# EU proposes mandatory USB-C on all devices, including iPhones



## Mark Holtz (Mar 23, 2002)

From The Verge:

*EU proposes mandatory USB-C on all devices, including iPhones*


> The European Commission, the executive arm of the European Union, has announced plans to force smartphone and other electronics manufacturers to fit a common USB-C charging port on their devices. The proposal is likely to have the biggest impact on Apple, which continues to use its proprietary Lightning connector rather than the USB-C connector adopted by most of its competitors. The rules are intended to cut down on electronic waste by allowing people to re-use existing chargers and cables when they buy new electronics.
> 
> In addition to phones, the rules will apply to other devices like tablets, headphones, portable speakers, videogame consoles, and cameras. Manufacturers will also be forced to make their fast-charging standards interoperable, and to provide information to customers about what charging standards their device supports. Under the proposal, customers will be able to buy new devices without an included charger.


FULL ARTICLE HERE


----------



## P Smith (Jul 25, 2002)

I'm supporting such move - tired to keep and use bunch of connectors for many kind of working phones, while doing help owners to assess its problems


----------



## dmspen (Dec 1, 2006)

As much as I agree with the whole multi-connectors issue, I hate to see governments trying to dictate how to make something. I would rather see the industry develop standards, like USB-C, rather than a bunch of bureaucrats try to dictate what to do. I know it won't happen, but what if Apple said, "Fine, we won't sell iphones in Europe!". Can you imagine the outcry against the EU from the people? Of course it would be a huge monetary loss for Apple so it won't happen. I bet the solution will be to offer an adapter, for a small fee, with each phone. The new iphones have a lightning/USB-C cable included so they are partly there.


----------



## n0qcu (Mar 23, 2002)

Or they may just go port less and be wireless charge only


----------



## P Smith (Jul 25, 2002)

Answer would be simple - we don't want to abandon huge market in EU !


----------



## AZ. (Mar 27, 2011)

dmspen said:


> As much as I agree with the whole multi-connectors issue, I hate to see governments trying to dictate how to make something.

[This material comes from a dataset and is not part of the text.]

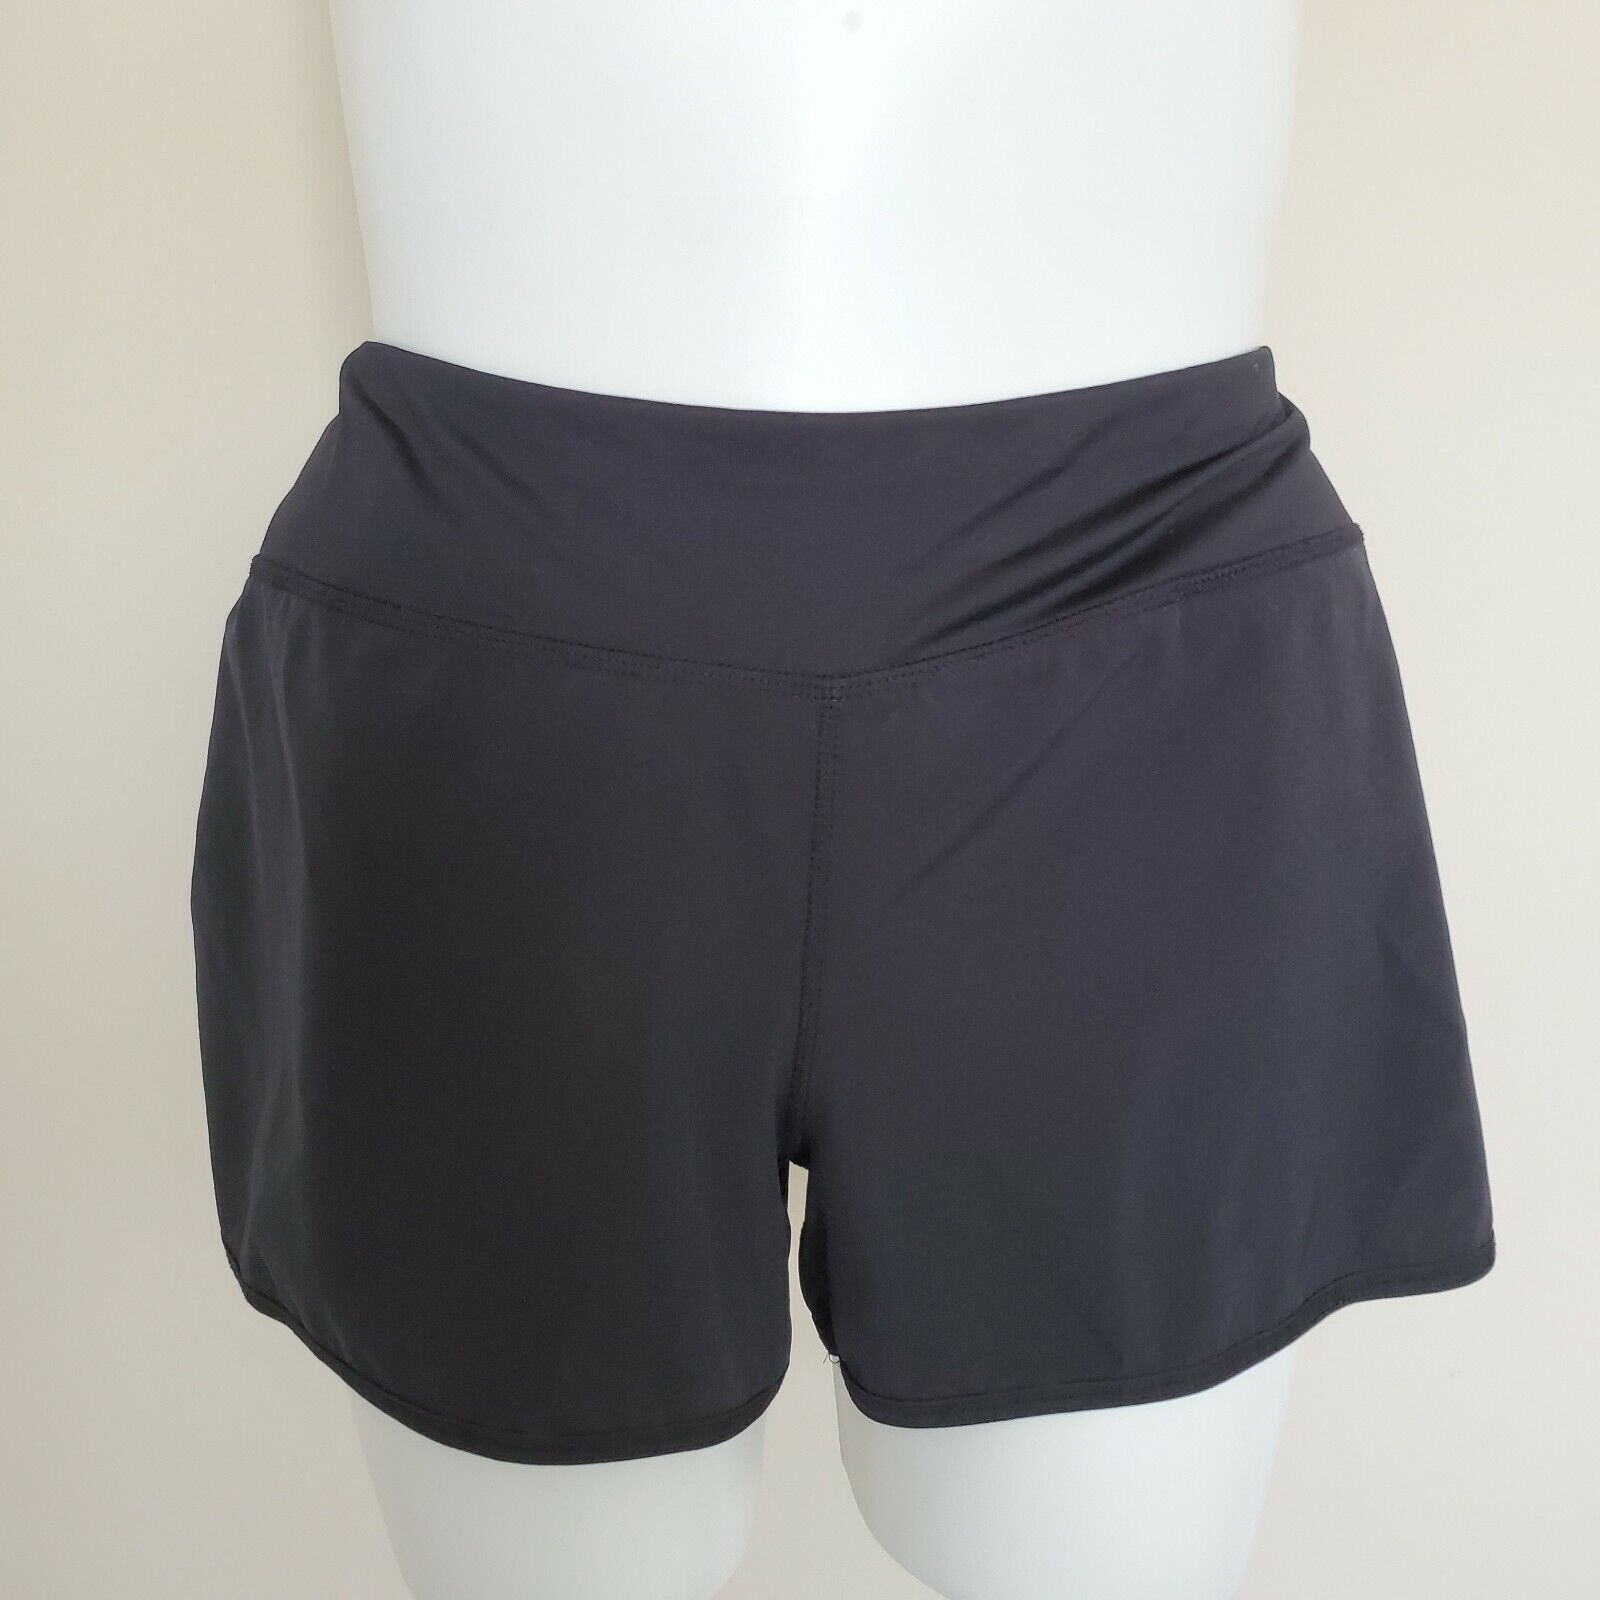 Idealogy Women's Lined Running Shorts Size Xxl Black Activewear Jogging Sport 2x

I would rather see the industry develop standards, like USB-C, rather than a bunch of bureaucrats try to dictate what to do. I know it won't happen, but what if Apple said, "Fine, we won't sell iphones in Europe!". Can you imagine the outcry against the EU from the people? Of course it would be a huge monetary loss for Apple so it won't happen. I bet the solution will be to offer an adapter, for a small fee, with each phone. The new iphones have a lightning/USB-C cable included so they are partly there.


Well they manufacturers didnt care so government had to step in with common sense!
Only government has the power to put a stop uncontrollable greed from corporations!
Maybe they should think about that instead of changing things so much.....Many things are backward compatible, why not something as simple as a cord!
Imagine if you needed an adapter every time you plugged into your 110v. outlet?


----------



## P Smith (Jul 25, 2002)

More complicated ! Try to use your 110VAC adapter in EU where 220-230-240 VAC outlets.


----------



## harsh (Jun 15, 2003)

dmspen said:


> As much as I agree with the whole multi-connectors issue, I hate to see governments trying to dictate how to make something.


If phones didn't require frequent recharging and weren't the sole point of contact for many of their users, your argument might hold some water. Because USB-C should be able to do it all, there's no point in having anything unique (unless you're trying to hold your customers hostage).


----------



## harsh (Jun 15, 2003)

P Smith said:


> More complicated ! Try to use your 110VAC adapter in EU where 220-230-240 VAC outlets.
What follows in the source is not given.